Riccardo Bellazzi, Blaz Zupan
Intelligent Data Analysis in Medicine and Pharmacology: A Position
Statement
Intelligent data analysis methods support information extraction from
data by exploiting domain's Background Knowledge. We address several
issues regarding definition, use and impact of these methods, and
investigate for their acceptance in application domains of medicine
and pharmacology by a MEDLINE search. The authors of the paper
believe that the basic philosophy of IDA is to be application driven:
its goal is to develop, adapt, or re-use existing methods to solve a
specific problem. Sticking to application driven approach may help to
prove the points on cost-effectiveness and may increase the awareness
and acceptance of these methods in medical community.
Nada Lavrac
Data Mining in Medicine: Selected Techniques and Applications
Widespread use of medical information systems and explosive growth of
medical databases require traditional manual data analysis to be
coupled with methods for efficient computer-assisted analysis. This
paper presents selected data mining techniques that can be applied in
medicine, and in particular some machine learning techniques including
the mechanisms that make them better suited for the analysis of
medical databases (derivation of symbolic rules, use of background
knowledge, sensitivity and specificity of induced descriptions). The
importance of the interpretability of results of data analysis is
discussed and illustrated on selected medical applications.

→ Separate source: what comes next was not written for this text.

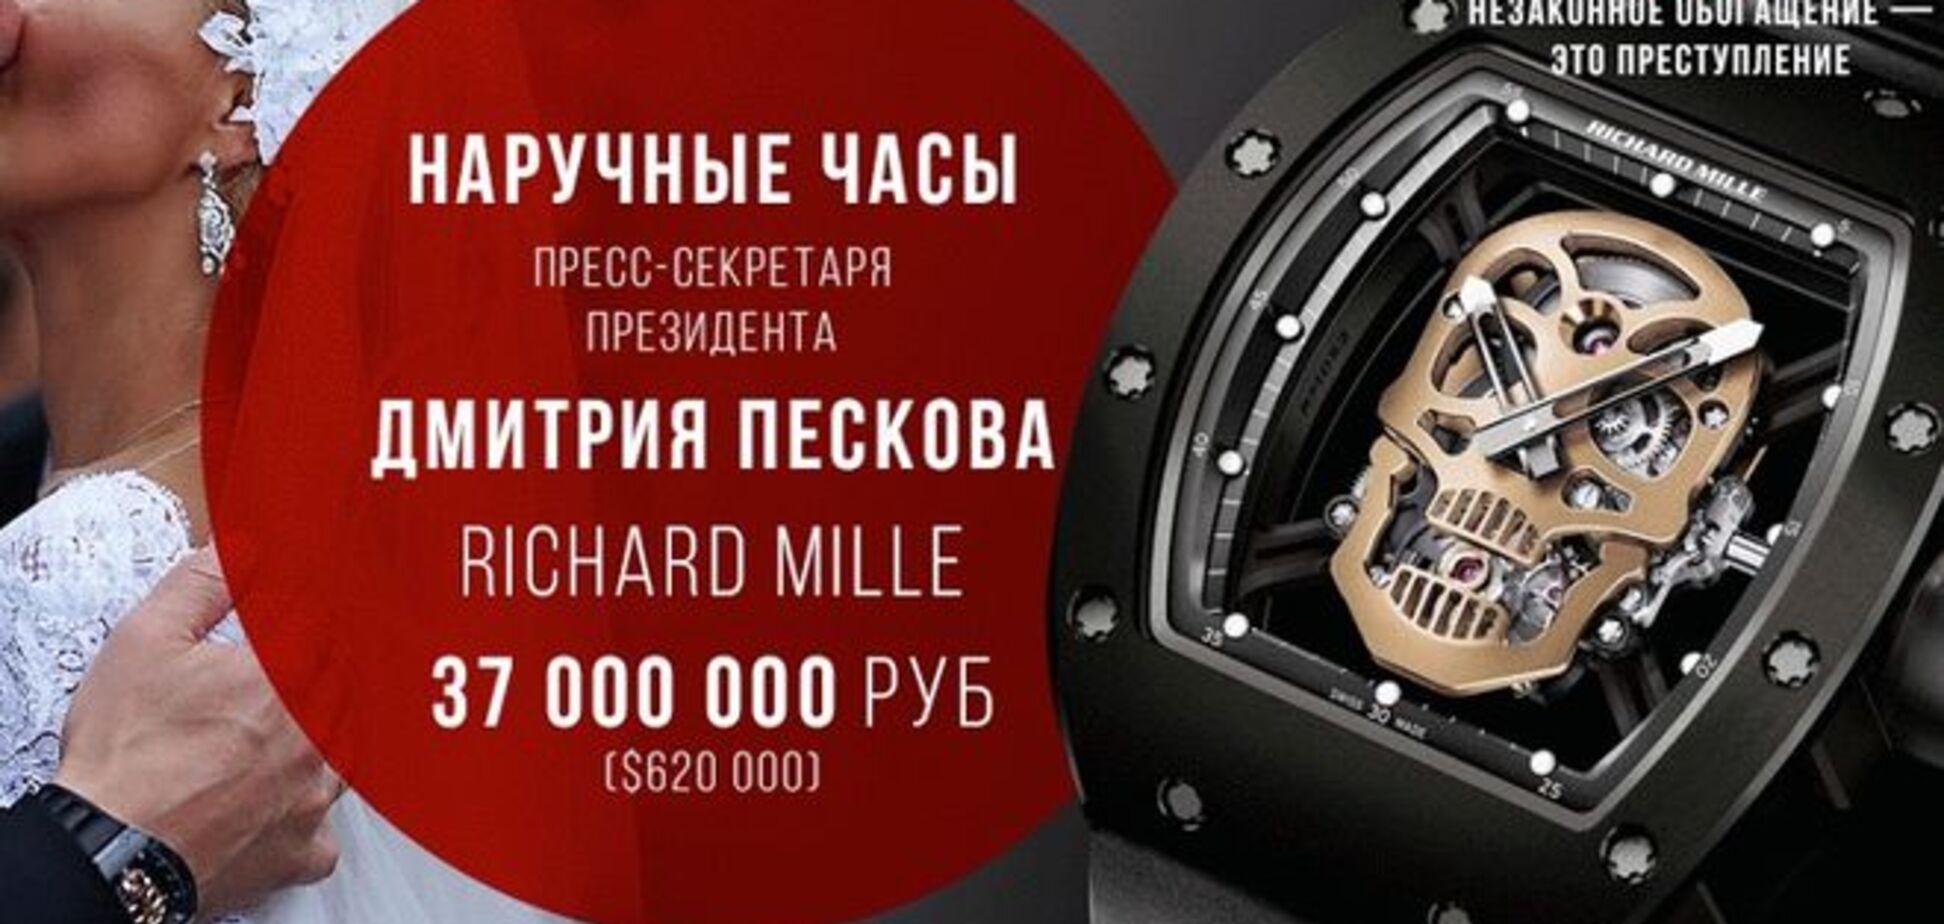 'Бедный' Песков засветил часы за 37 миллионов: фотофакт

Ulf S. Carlin, Jan Komorowski and Aleksander Ohrn
Rough Set Analysis of Medical Datasets and A
Case of Patients with Suspected Acute
Appendicitis
A significant area in the field of medical informatics is concerned
with learning of medical models from lowlevel data. Ultimate goals of
this activity are, among others, development of classifiers or
predictors for unseen cases and analysis of the developed models so
that new insight into the nature of the given problem can be obtained.

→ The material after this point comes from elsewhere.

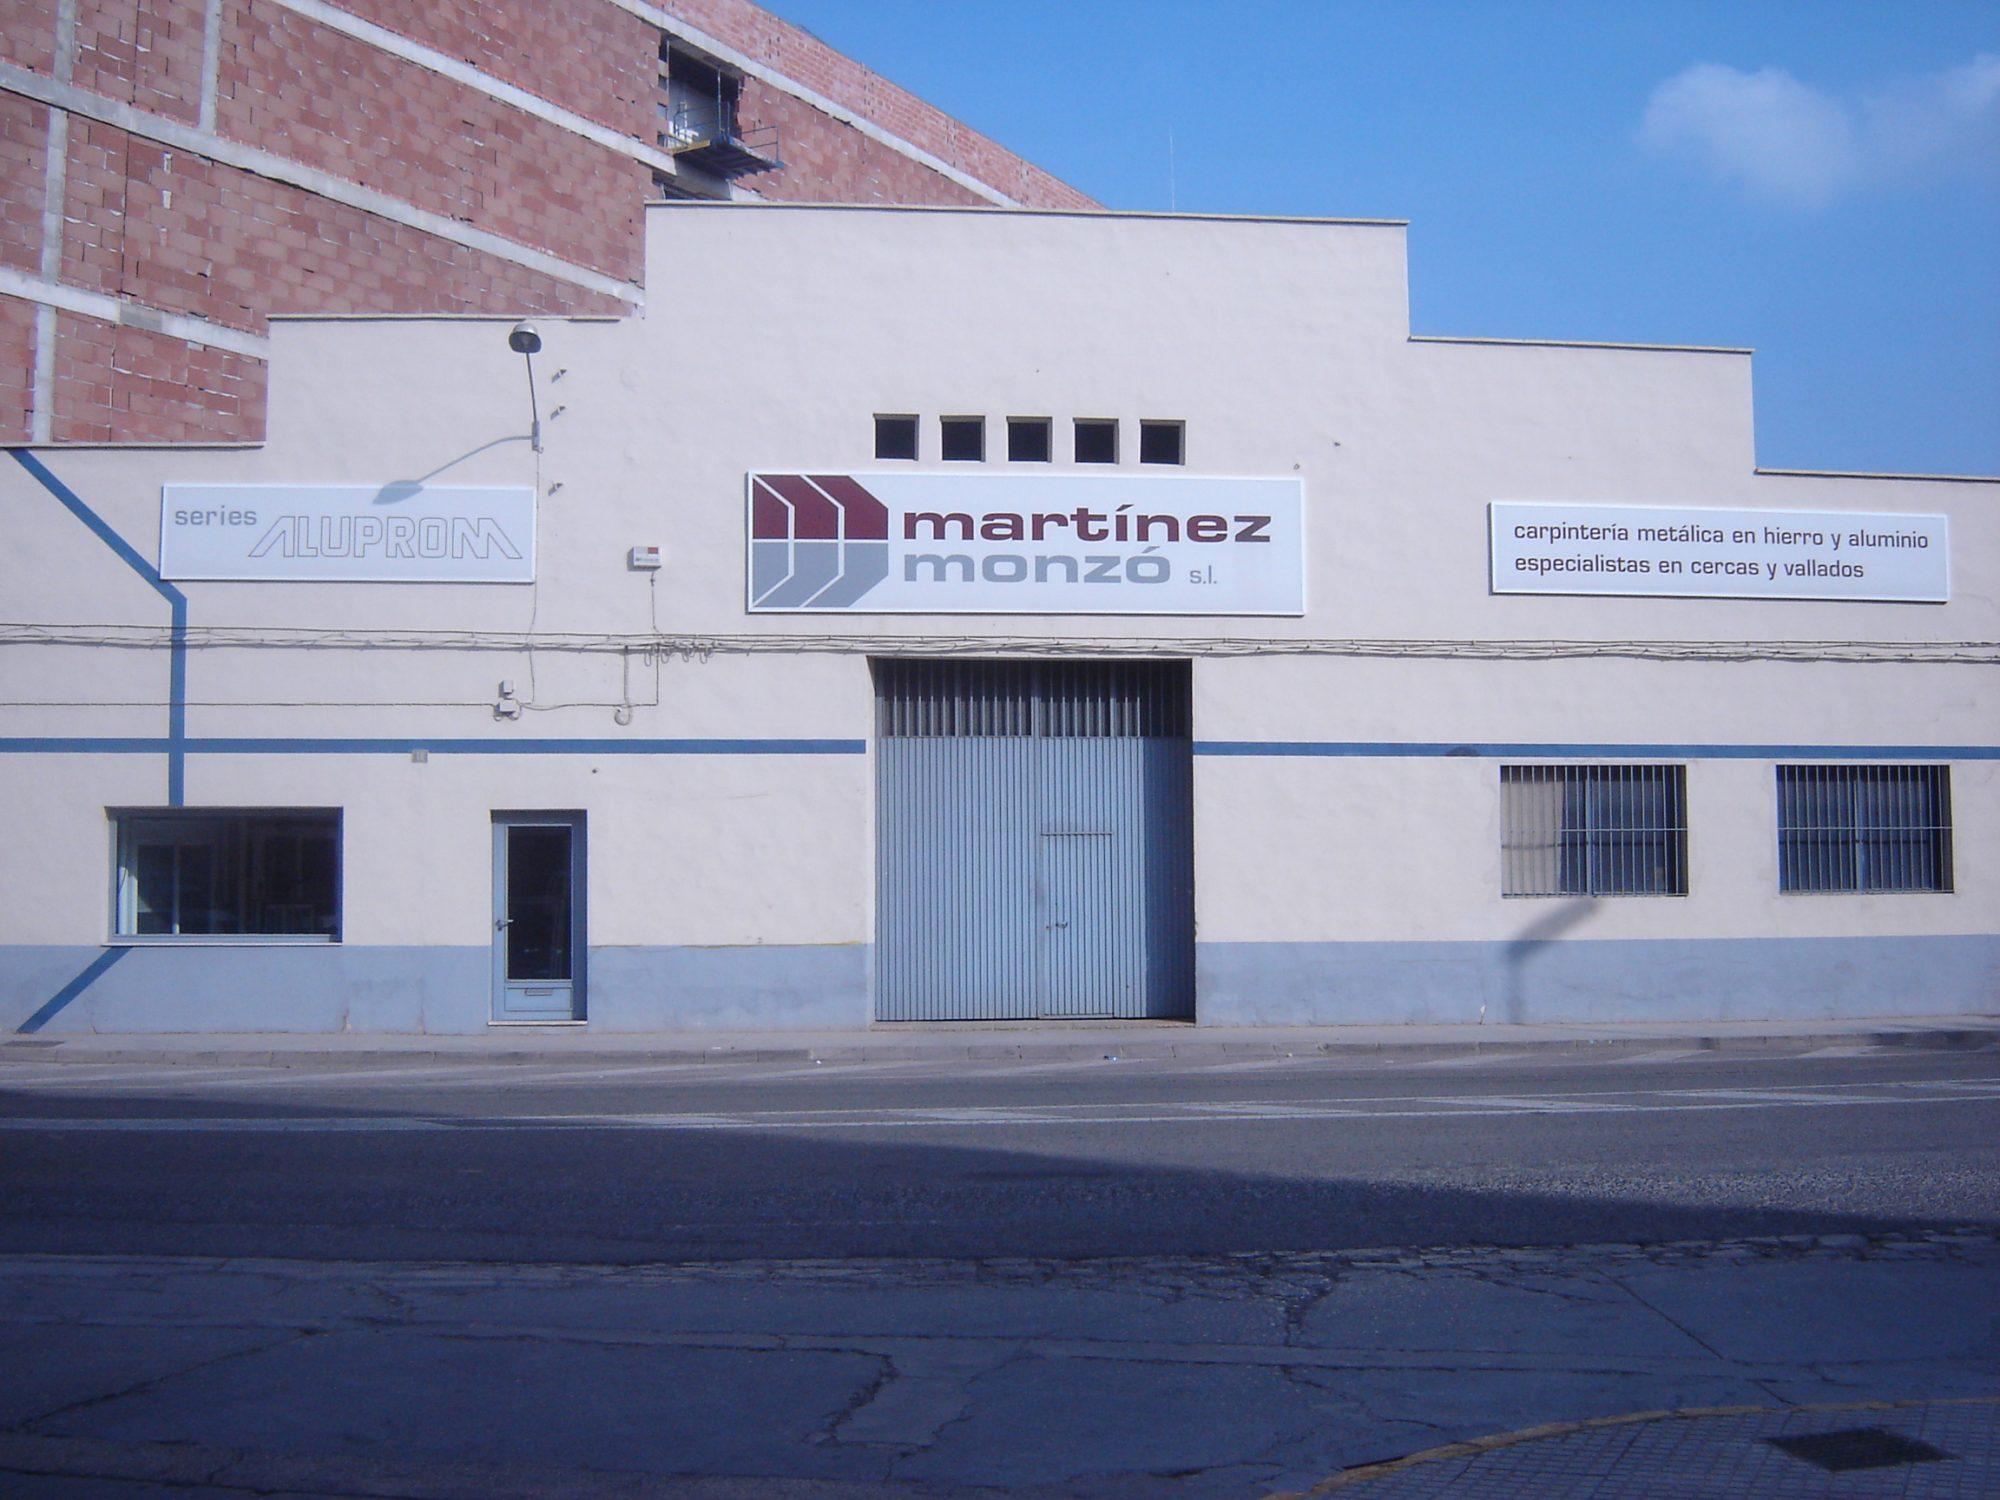 MartinezMonzo.com

This article introduces a methodology based on rough sets and
Boolean reasoning and illustrates its application on a dataset
describing 257 patients with suspected acute appendicitis. Exactly the
same dataset has previously been analyzed using logistic regression,
and the difference in performance between the two methods is
found to be very small. However, the rough set approach offers in
addition a set of decision rules that explicitly represent the
discovered knowledge. These automatically synthesized rules perform
better than a surgeon with a 2 to 6 year training. The main
attractions of rough sets for the medical informatics community should
be their classificatory power and, most importantly, the possibility
of mixing qualitative and quantitative parameters (both continuous and
discrete) and combining explicit (user-defined) and data-generated
models. There also exist now good toolkits running on Windows NT/95
that support the knowledge discovery process with rough sets. An
example is the Rosetta toolkit which is also available in public
version.
Dragan Gamberger, Nada Lavrac
Experiments with noise detection algorithms in
the diagnosis of coronary artery disease
The paper presents a series of noise detection experiments in a
medical problem of coronary artery disease diagnosis. The following
algorithms for noise detection and elimination are tested: a
classification filter, a saturation filter, a combined
classification-saturation filter, and a consensus saturation filter.
The distinguishing feature of the consensus saturation filter is its
high reliability which is due to multiple detection of potentially
noisy examples. Reliable detection of noisy examples is important for
the analysis of patient records in medical databases, as well as for
the induction of rules from filtered data, representing genuine
characteristics of the diagnostic domain. Medical evaluation in the
problem of coronary artery disease diagnosis shows that the detected
noisy examples are indeed noisy or non-typical class representatives.
Marc Weeber and Rein Vos
Extracting Expert Knowledge from Medical Texts
In this paper we argue that researchers in Intelligent Data Analysis
(IDA) in Medicine and Pharmacology should consider tex-tual databases
as an additional source of knowledge. We describe three areas where
medical knowledge extraction from textual data-bases can be fruitful:
finding new applications for existing drugs, evolution of medical
knowledge in time, and drug risk assessment. We evaluate two textual
knowledge extraction methods, where an IDA approach shows to be robust
and efficient compared to a com-mon computational linguistic one.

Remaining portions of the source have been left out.